My other grandmother didn’t get quite as confused, but she did once call and tell me to turn on the TV and watch the news broadcast because there was a little black boy on a window ledge about to jump off. It was an episode of DIFF’RENT STROKES, though I think there was a newscaster on it, and she thought it was the news. Not sure why she thought the nightly news had a laugh track now, especially for a kid on a ledge, but, worth remembering she was well over 50 the first time she ever saw a TV set and probably 60 the first time she ever lived with one in the house.

I remember hearing that Car Talk segment, and yes, they essentially did say not to turn the AC on and off at driving speed. I remember it because I was so startled at how wrong they were.

OK then, find it.

How about this.
Or this.
Or this.

The grandmother of a close friend insisted pets, especially dogs, should not come indoors during thunderstorms because they “drew lightning”.

My grandmother believed everything on TV was intended to be factual, even Star Trek. For some reason she never blinked at the existence of Spock, but she poo-pooed the idea of the Enterprise because “everybody knows there’s no air up there!”

Can we stand another grandparents and bowels story?

My grandparents (Dad’s mom and step-dad) had a little summer cabin. It had electricity, but no water or plumbing. Water was brought in jugs from town and there was an outhouse near the back of of the property, maybe a 45 second sprint from the house.Night time calls of nature were always handled by using my brother’s outgrown baby potty… not a chair but the shaped bucket type thing that may have been an insert to a larger commode. This was done in the kitchen, because that was the only place which had linoleum rather than carpeting.

At age 16 I refused to use this contraption with my grandparents sleeping in the next room, so went to the outhouse, urinated and returned. The noise of the door opening and shutting woke my grandparents. My grandmother was aghast and somewhat upset at my going outside at night. I thought I would tell a little white lie and tell her i had a BM and that would make going to the outhouse ok.

Dear Grandma, bless her well-meaning soul, phoned my mother a day later and suggested I might need to go to the doctor, because moving my bowels at night was a sign there was something terribly wrong with me.

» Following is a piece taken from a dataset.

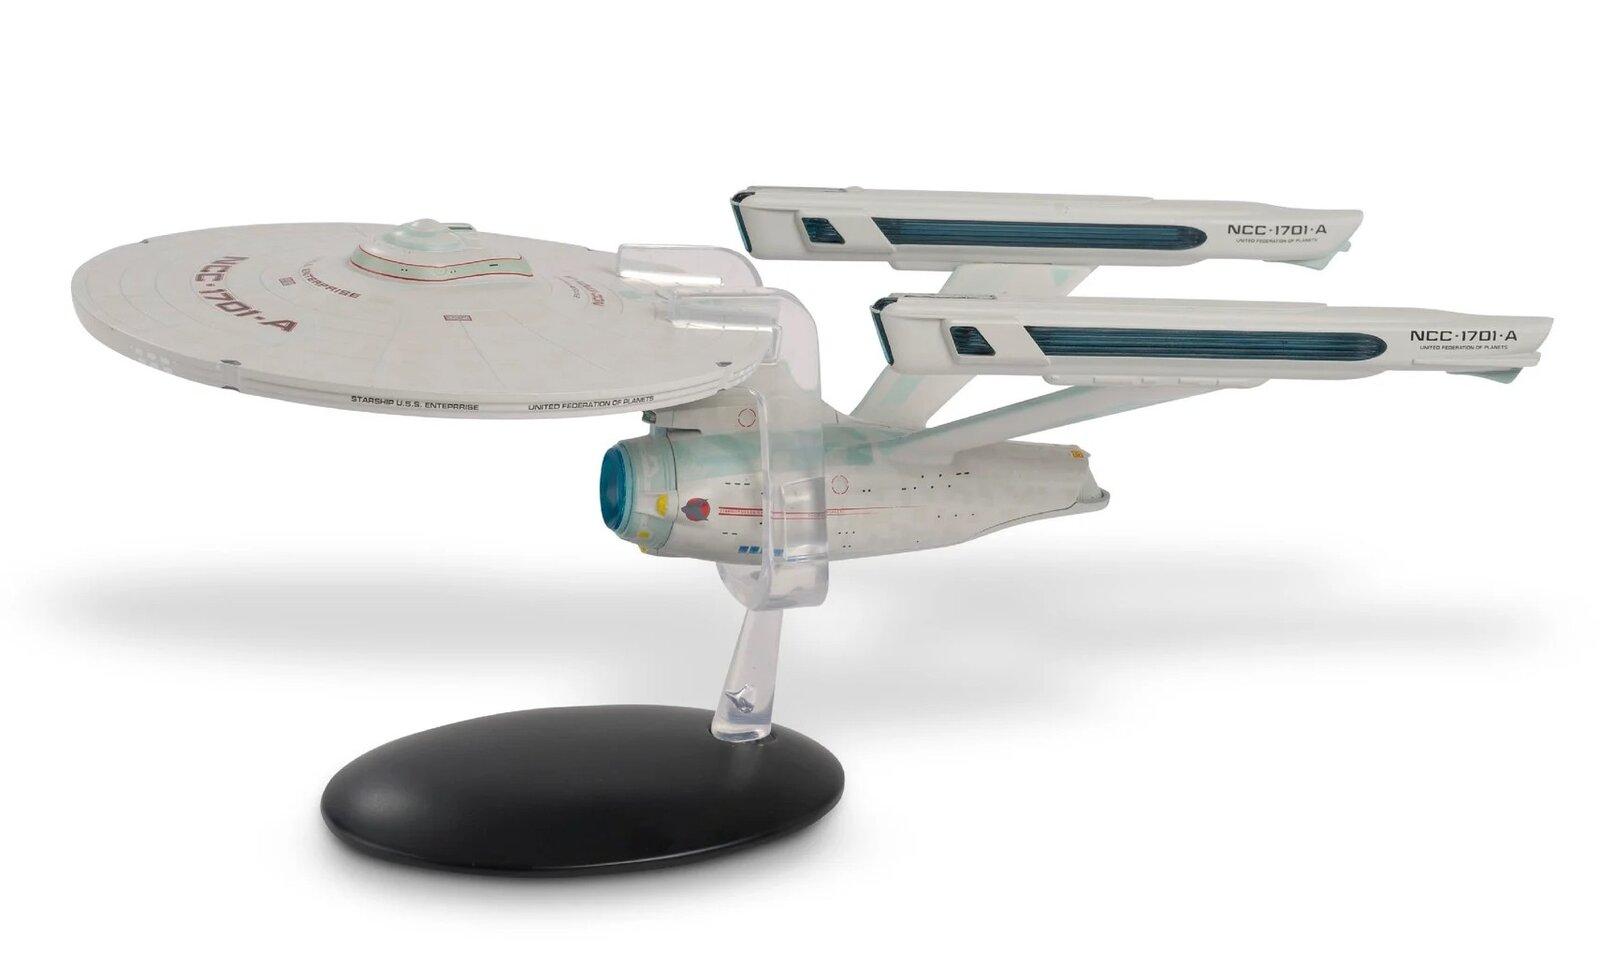 Enterprise A 3.jpg

Also: When my brother went throught the loud burping/ burp the alphabet/ etc phase my grandmother would admonish him “David, don’t do that, you will get a gallbladder.” (Years later when my mother had hers removed both my brother and I suggested she take up burping to see if her’s grew back.)

Also, later in life she gave up her driver’s license (thank goodness!) she became very dependent upon rides from my dad, her only child. She would never take a taxi, not because of thriftiness, but because “taxis are for drunks and Indians!”

Honestly, what was it with grandmothers and mothers and bowels?

I was asked by my mother and my grandmother about my bowel movements.

I was 24 and no longer living at home. It was none of their business.